» **Recorded information**
- - -
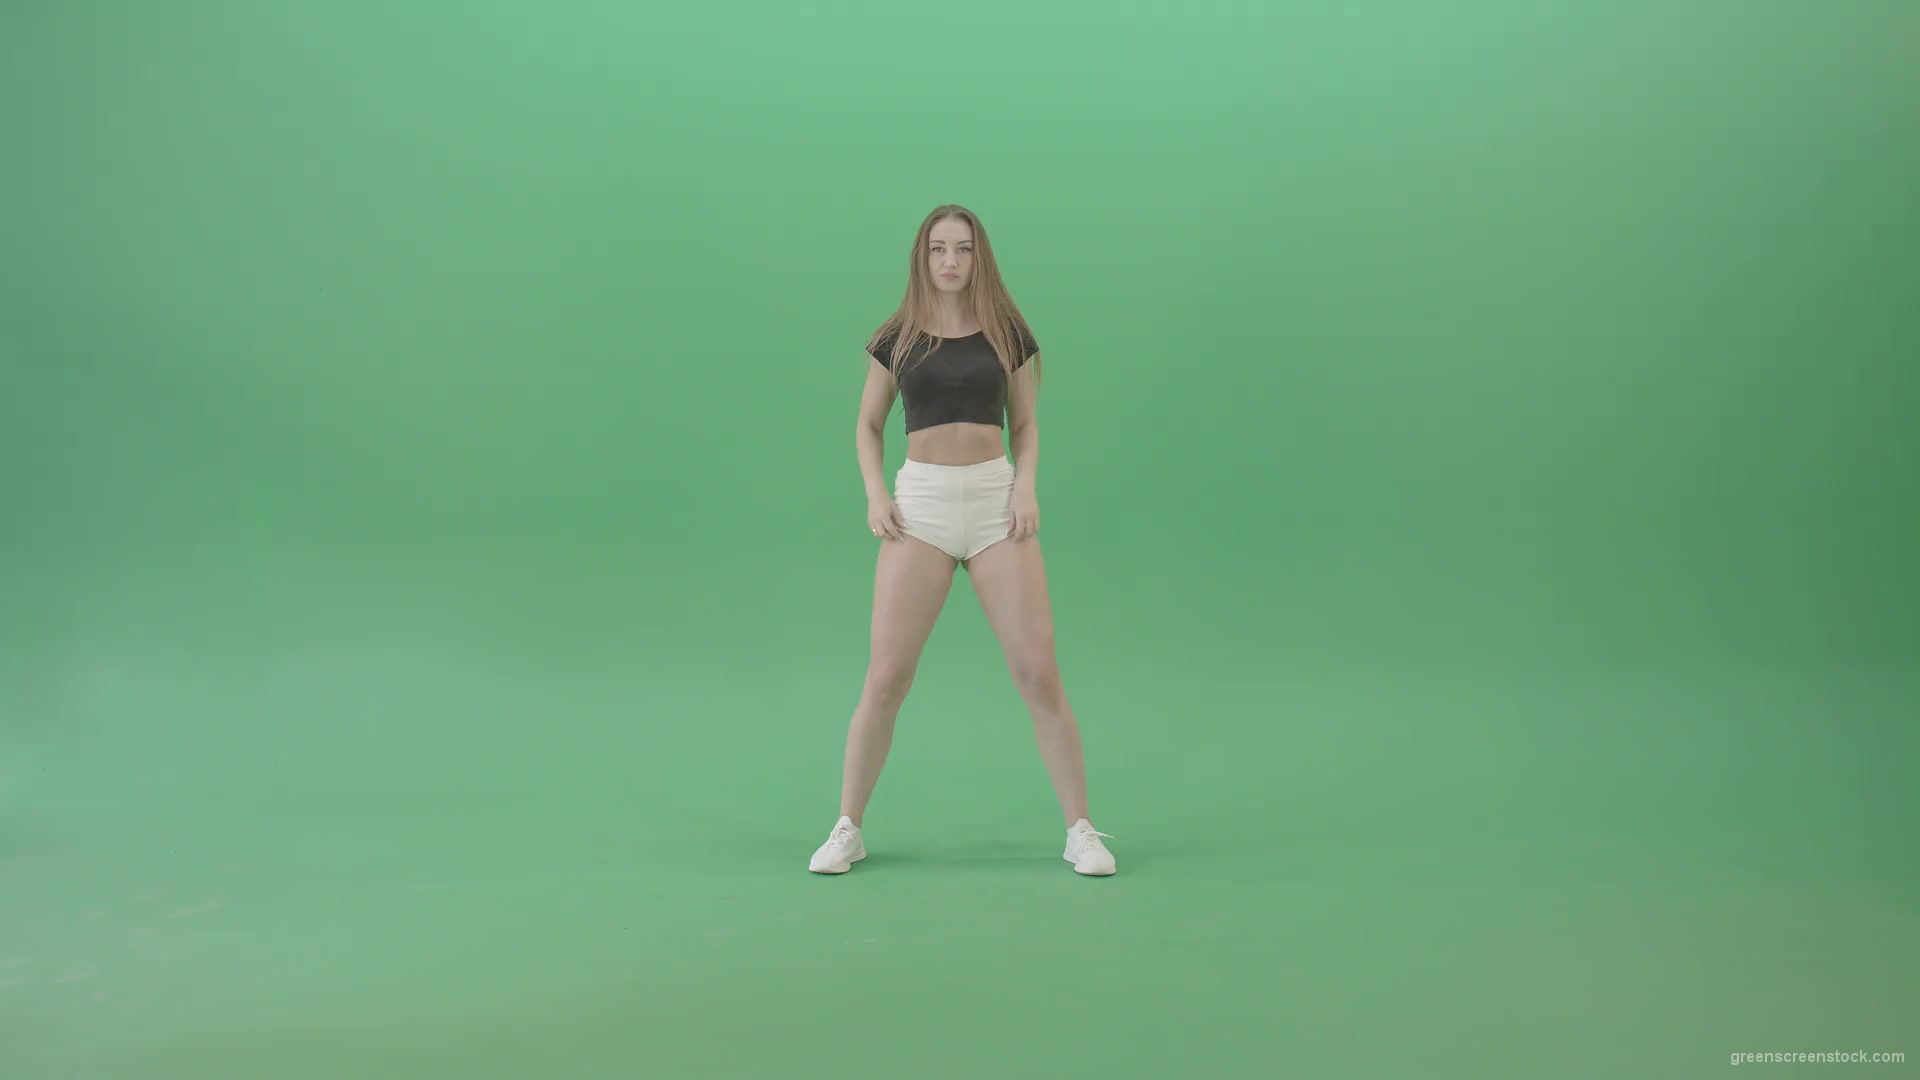 Beauty-girl-sрaking-ass-and-hips-dancing-Twerk-Afro-Dance-isolated-on-green-screen-4K-Video-Footage-1920_001 Green Screen Stock
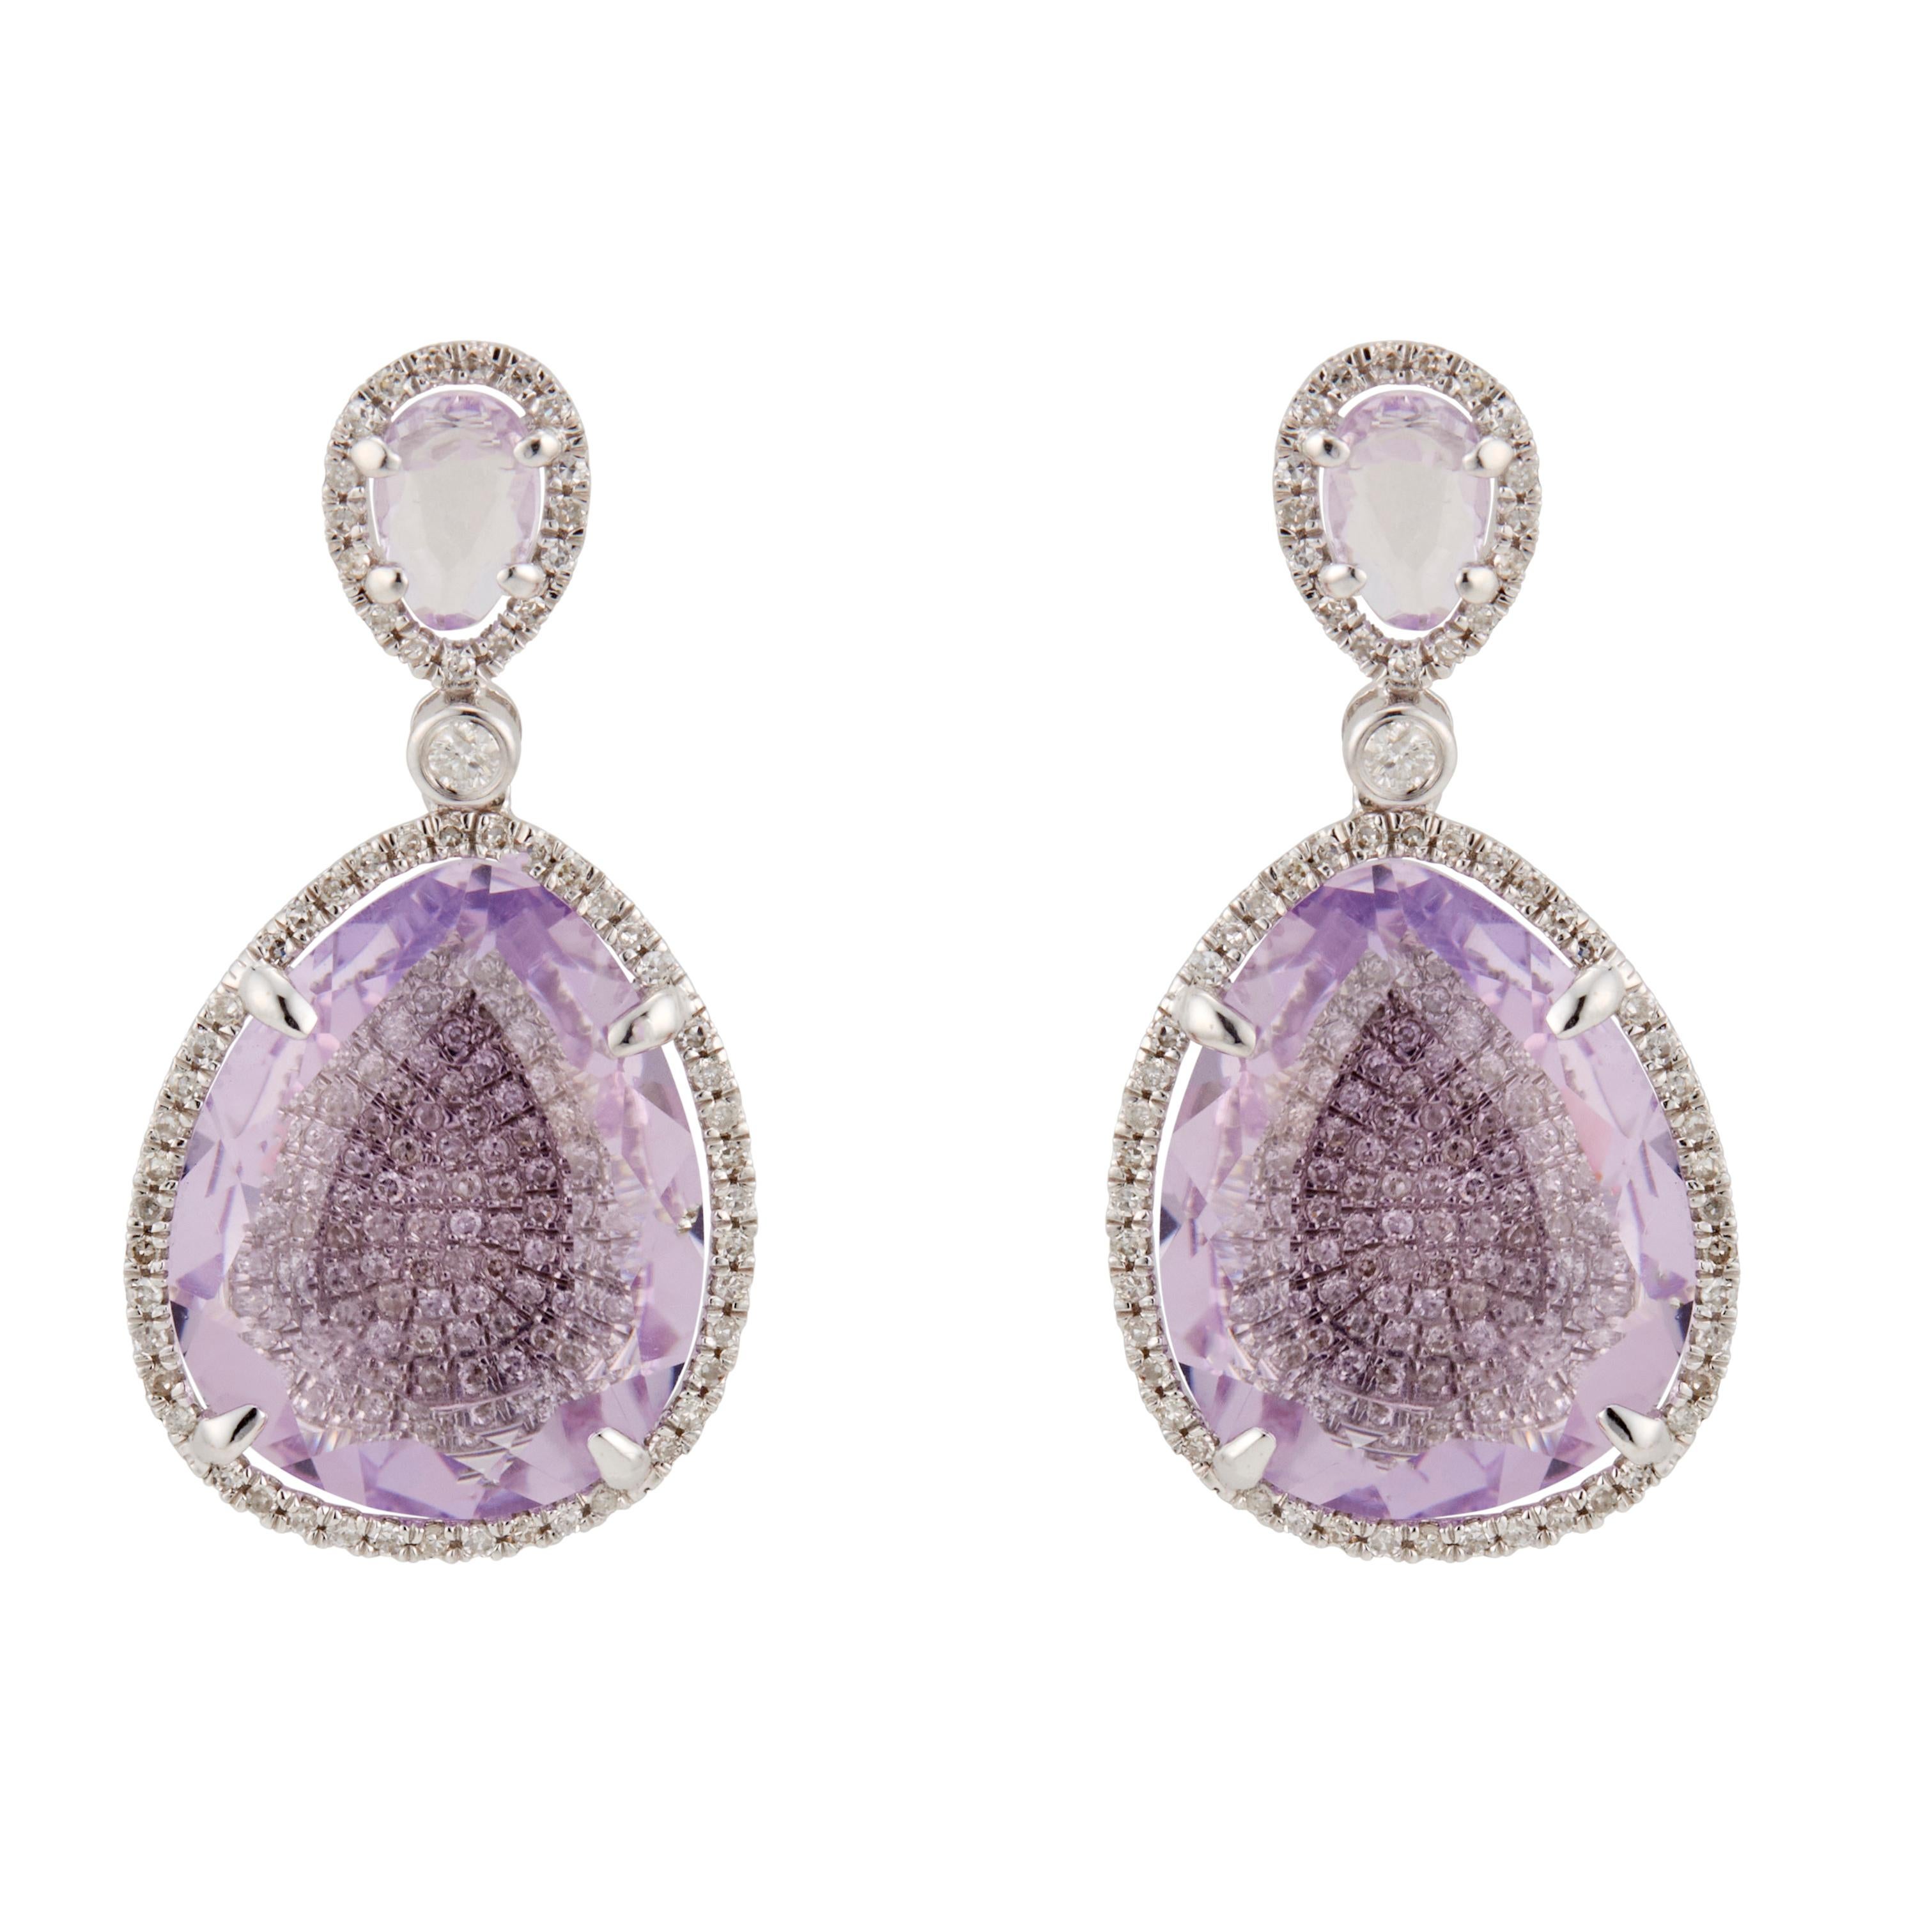 Amethyst and diamond halo dangle earrings. 4 pear shaped amethyst set in 14k white gold with round diamond halos.

2 pear shaped purple Amethyst, approx. total weight 7.80cts, 6.28 x 4.10 x 1.62mm
2 pear shaped purple Amethyst, approx. total weight
- - -
When copying the data above, repeat every word exactly and drop the pictures.

» **Result of the exercise**
 Beauty-girl-sрaking-ass-and-hips-dancing-Twerk-Afro-Dance-isolated-on-green-screen-4K-Video-Footage-1920_001 Green Screen Stock
 Amethyst and diamond halo dangle earrings. 4 pear shaped amethyst set in 14k white gold with round diamond halos.

2 pear shaped purple Amethyst, approx. total weight 7.80cts, 6.28 x 4.10 x 1.62mm
2 pear shaped purple Amethyst, approx. total weight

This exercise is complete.